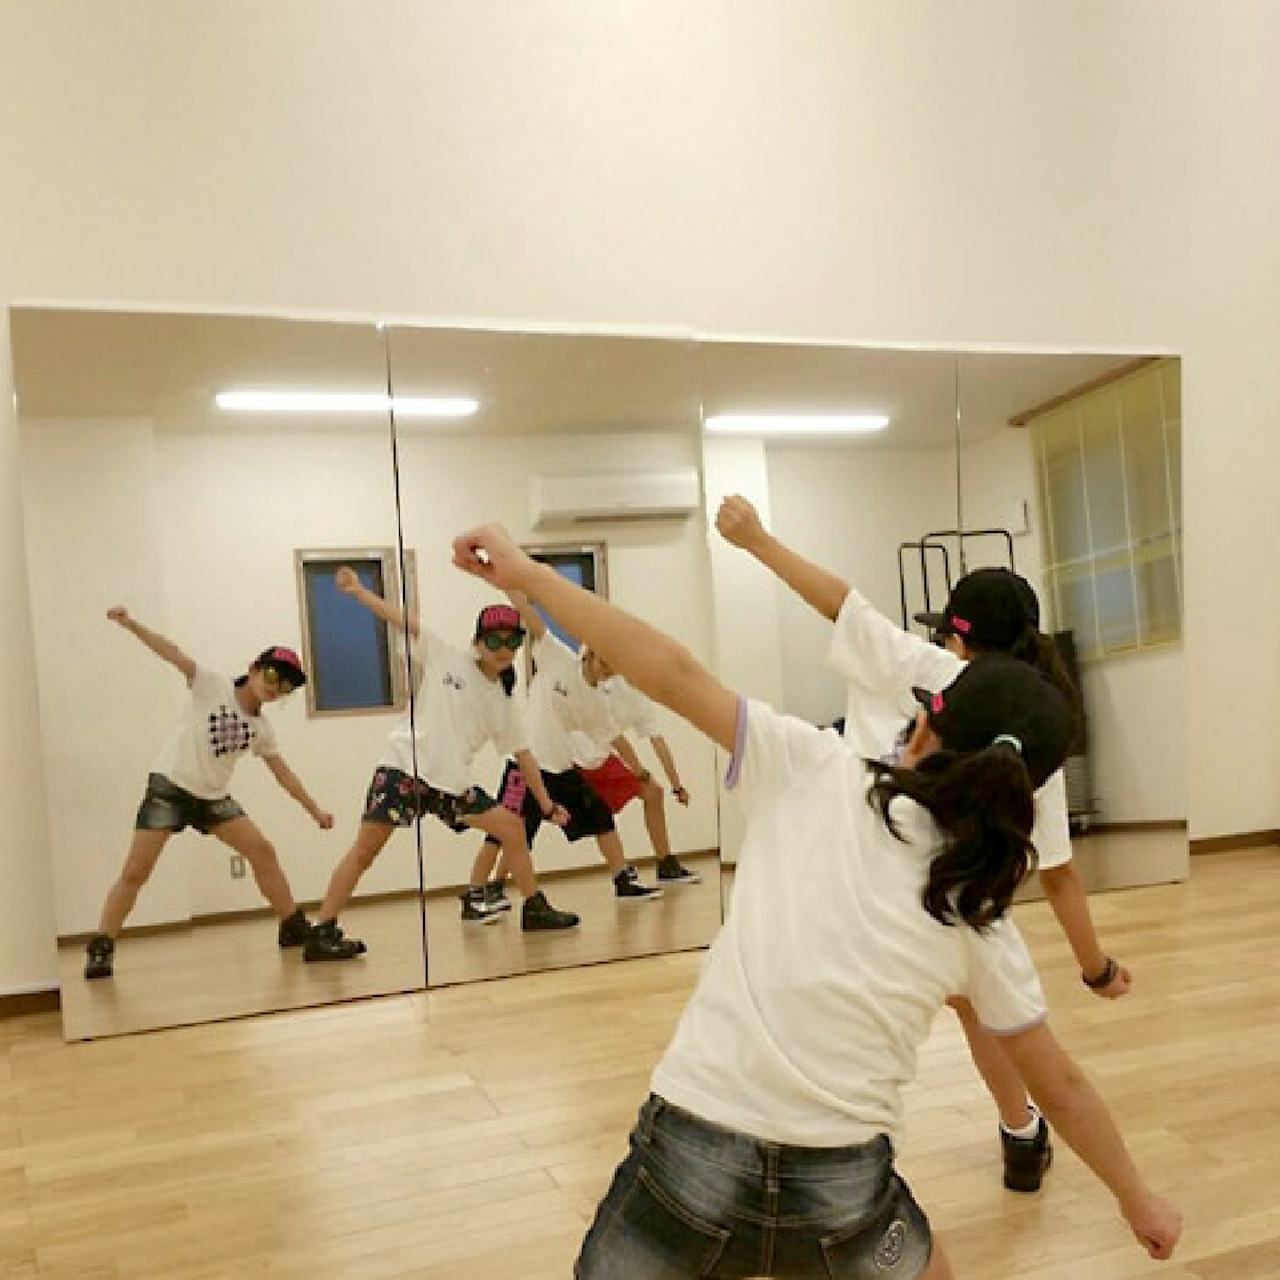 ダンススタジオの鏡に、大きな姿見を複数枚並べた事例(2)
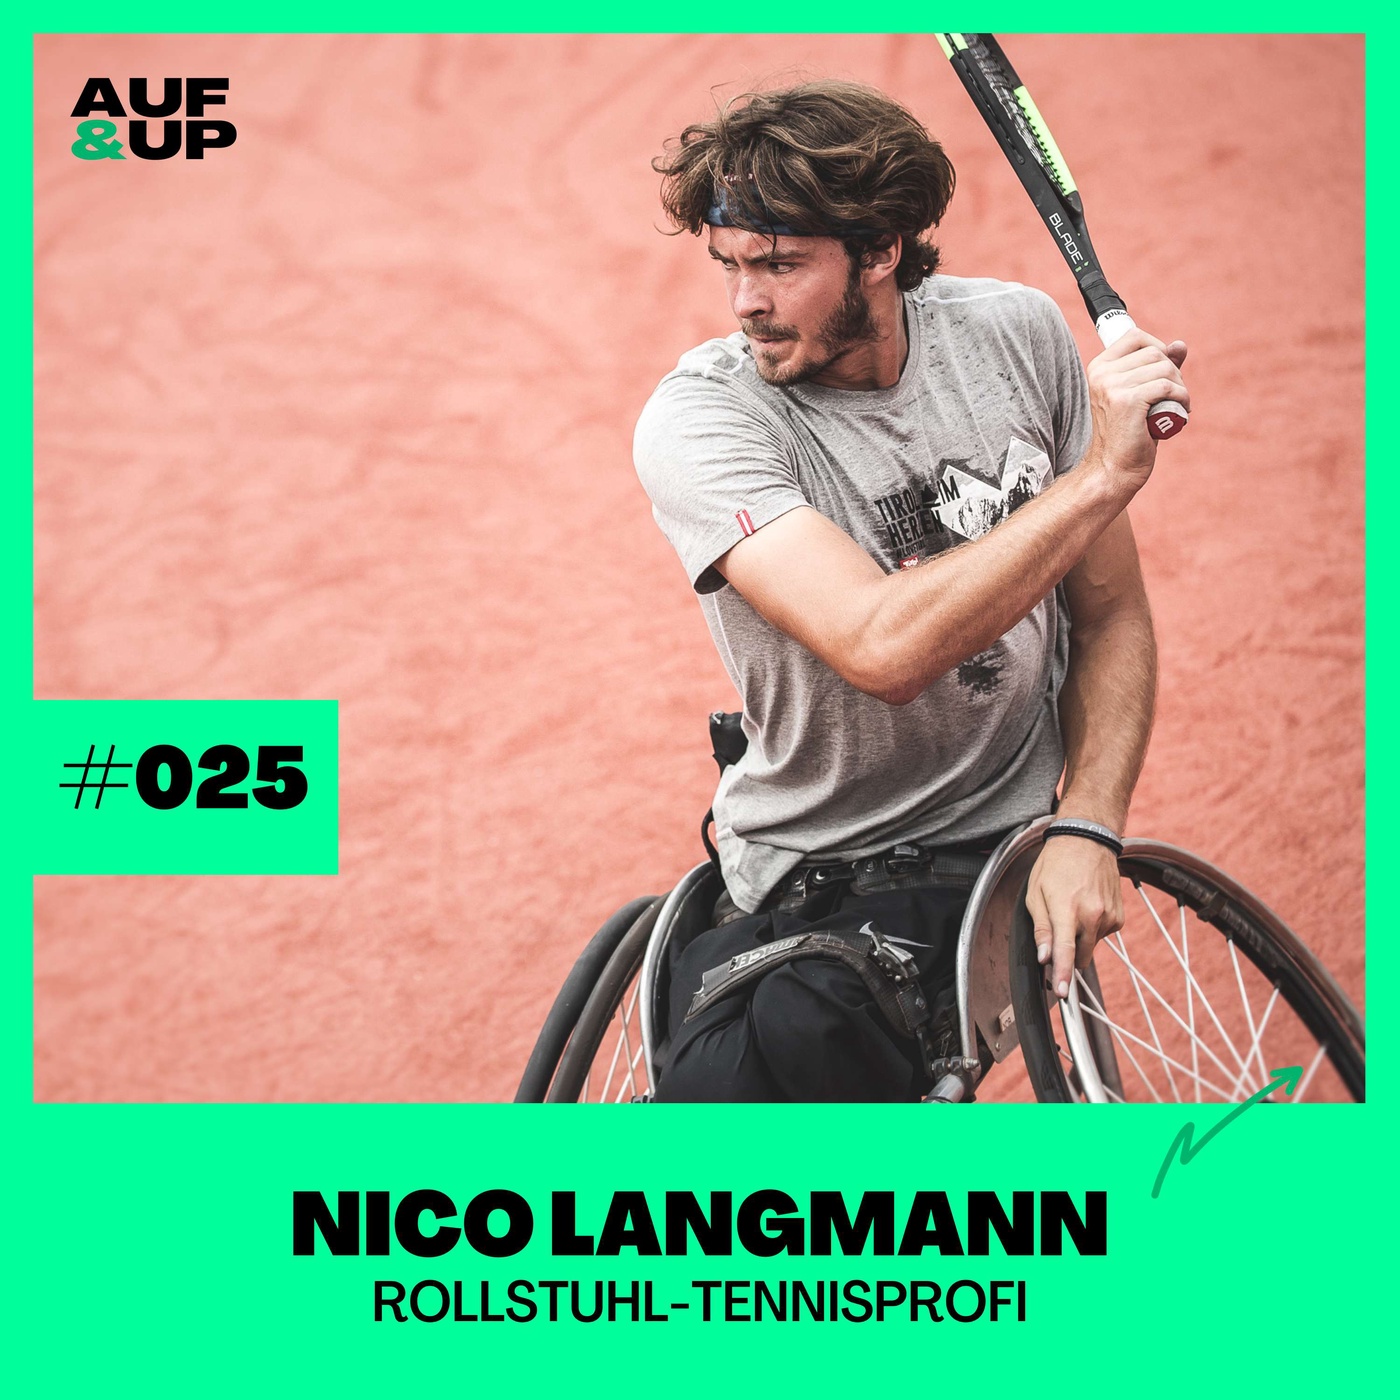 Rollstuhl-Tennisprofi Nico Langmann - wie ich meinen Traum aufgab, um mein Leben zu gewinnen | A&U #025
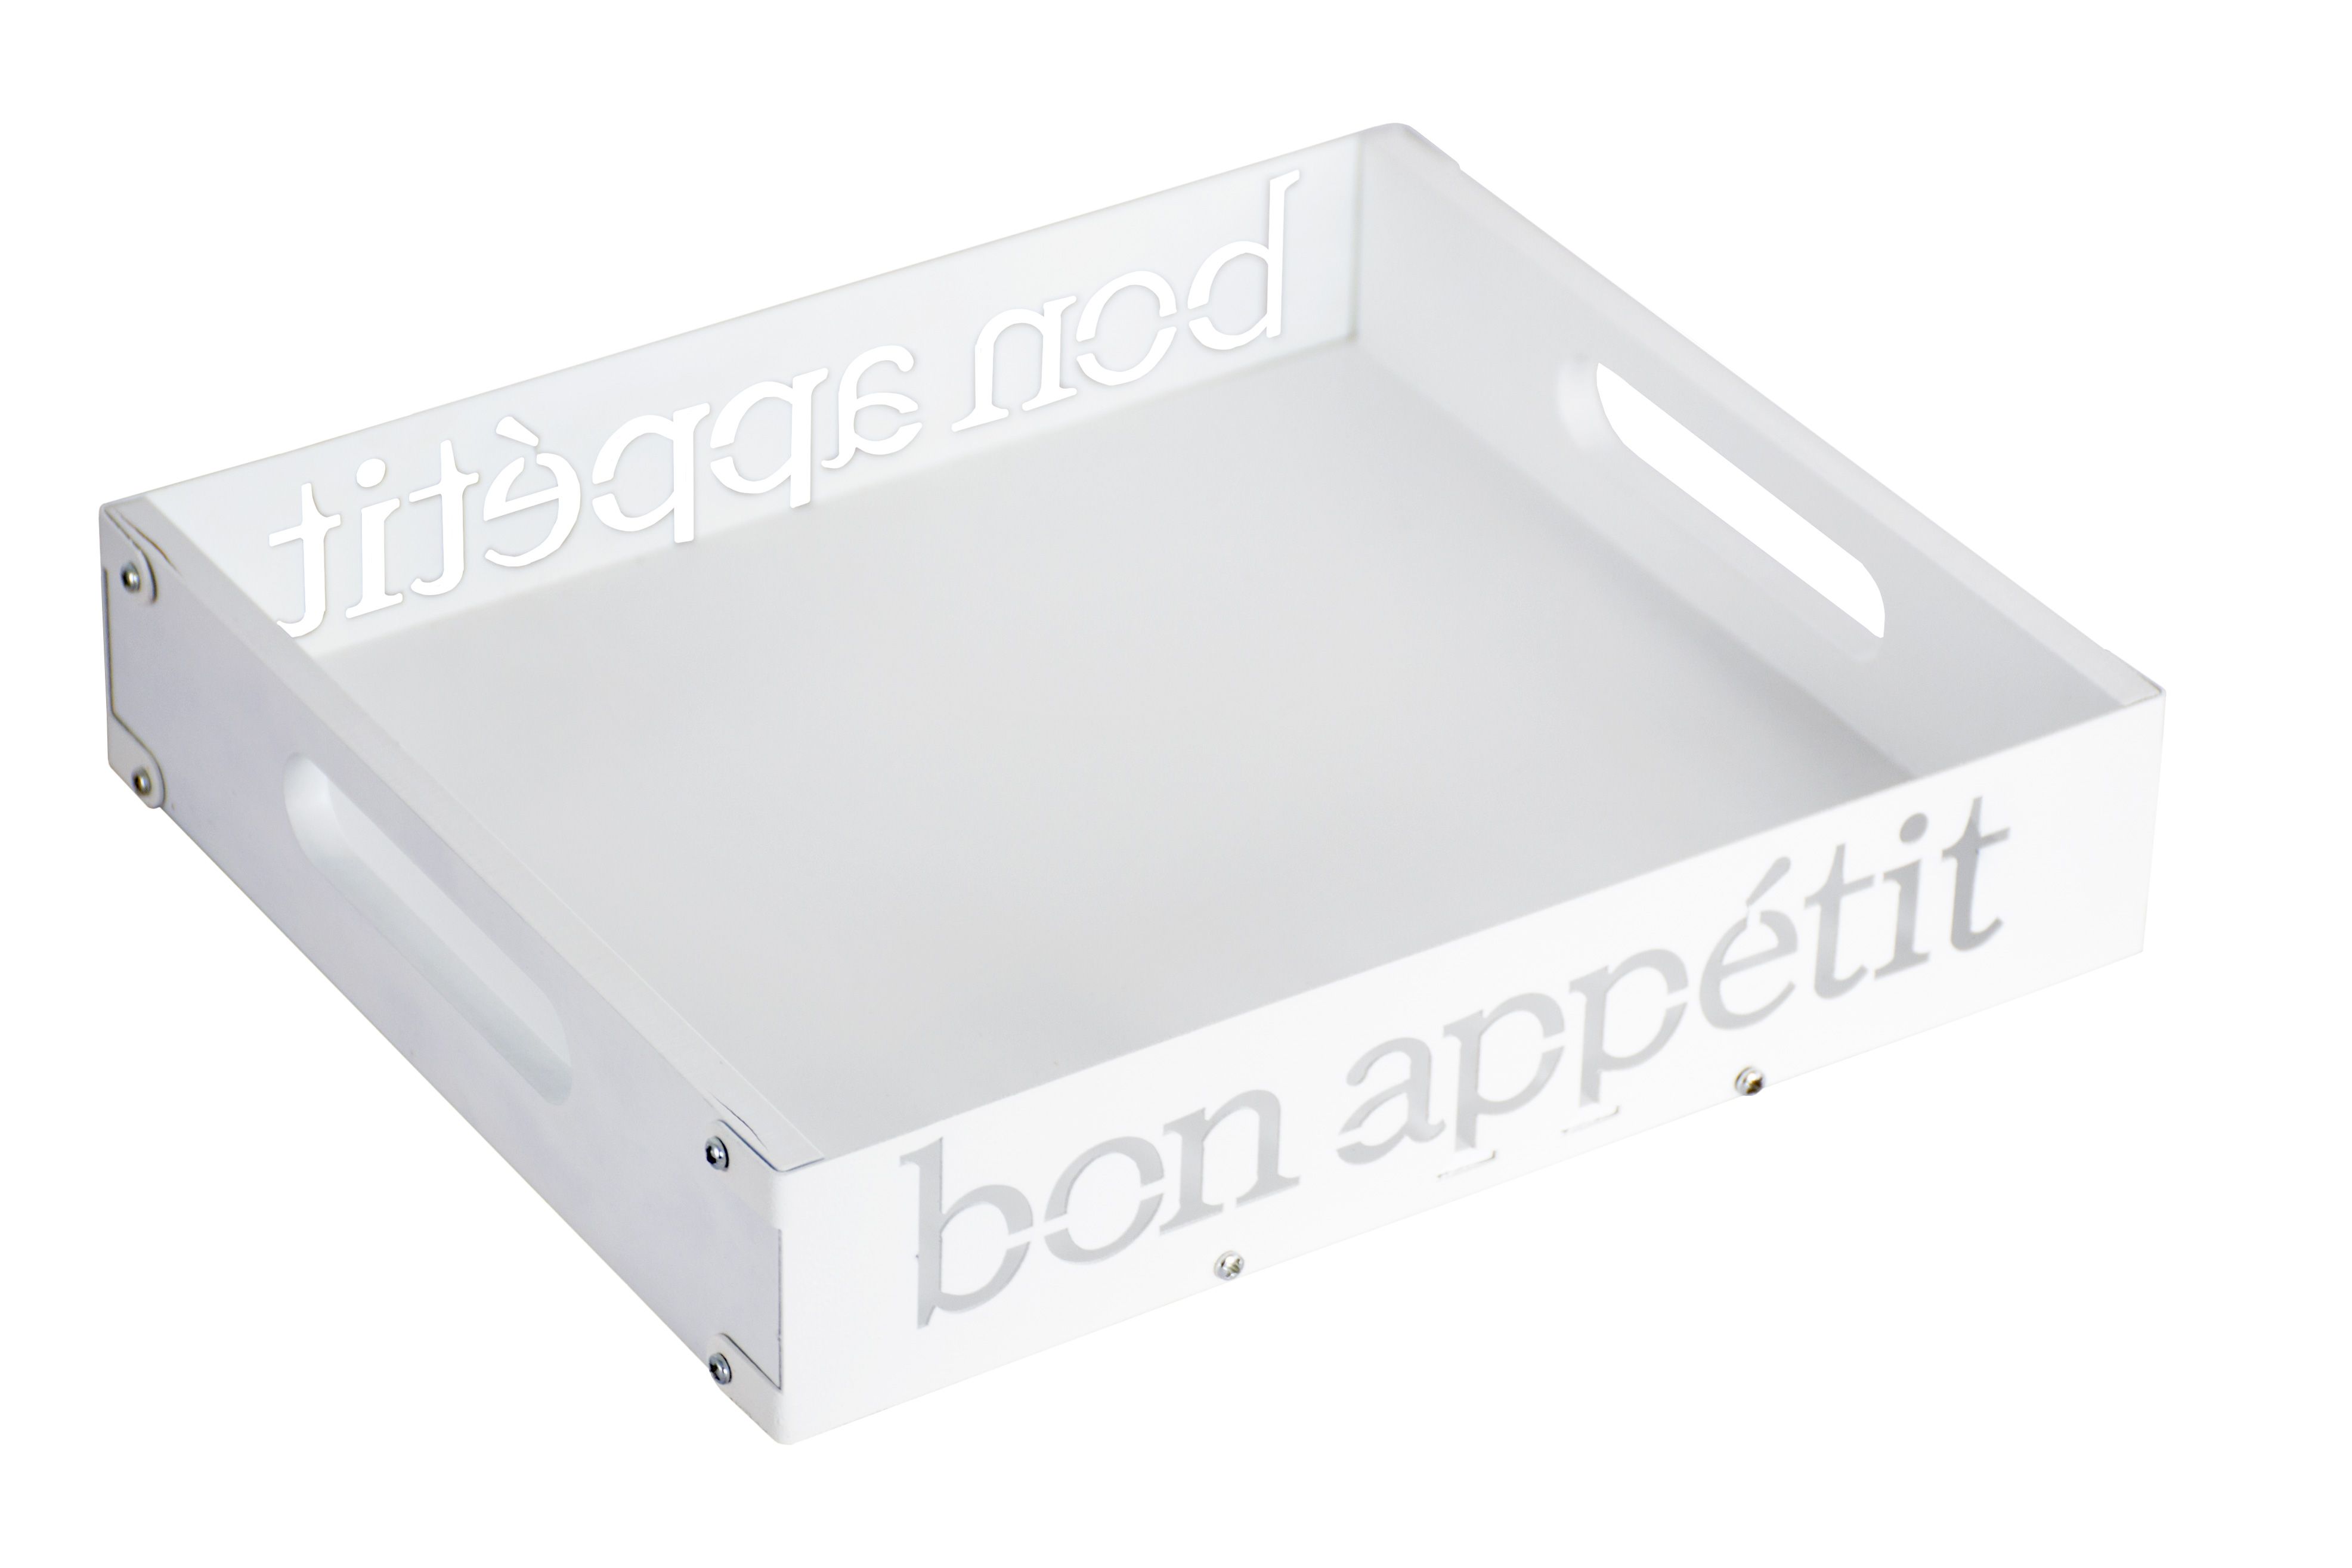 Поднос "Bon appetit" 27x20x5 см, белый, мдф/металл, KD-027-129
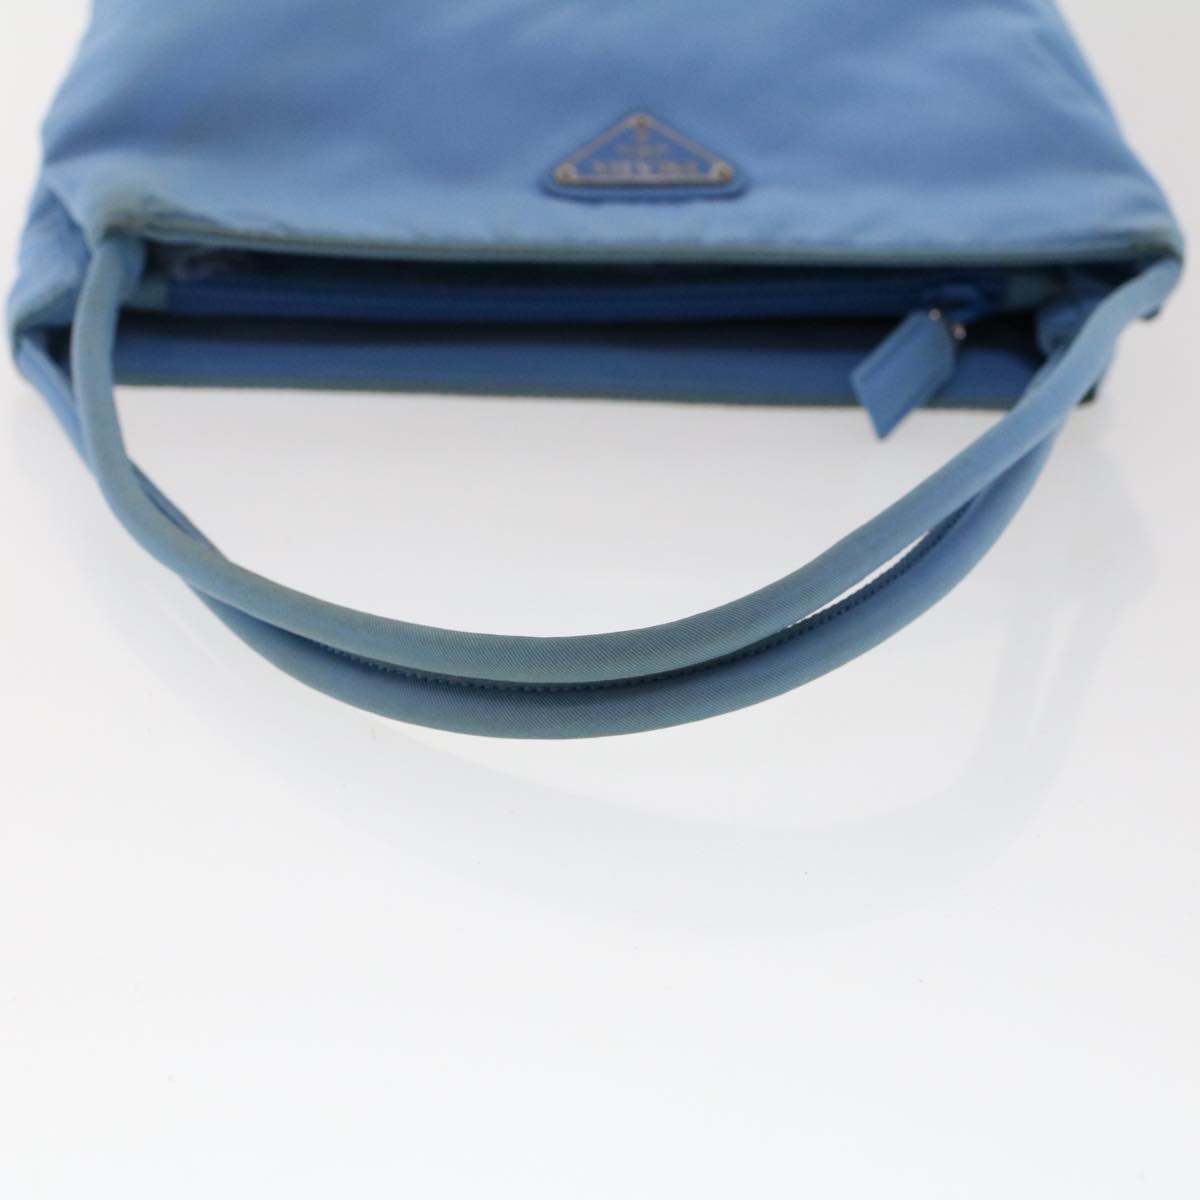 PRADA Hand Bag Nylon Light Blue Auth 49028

Work item. Word for word, quote the full listing, omitting every picture.

Answer for the task.
 ダンススタジオの鏡に、大きな姿見を複数枚並べた事例(2)
 Rollstuhl-Tennisprofi Nico Langmann - wie ich meinen Traum aufgab, um mein Leben zu gewinnen | A&U #025
 Поднос "Bon appetit" 27x20x5 см, белый, мдф/металл, KD-027-129
 PRADA Hand Bag Nylon Light Blue Auth 49028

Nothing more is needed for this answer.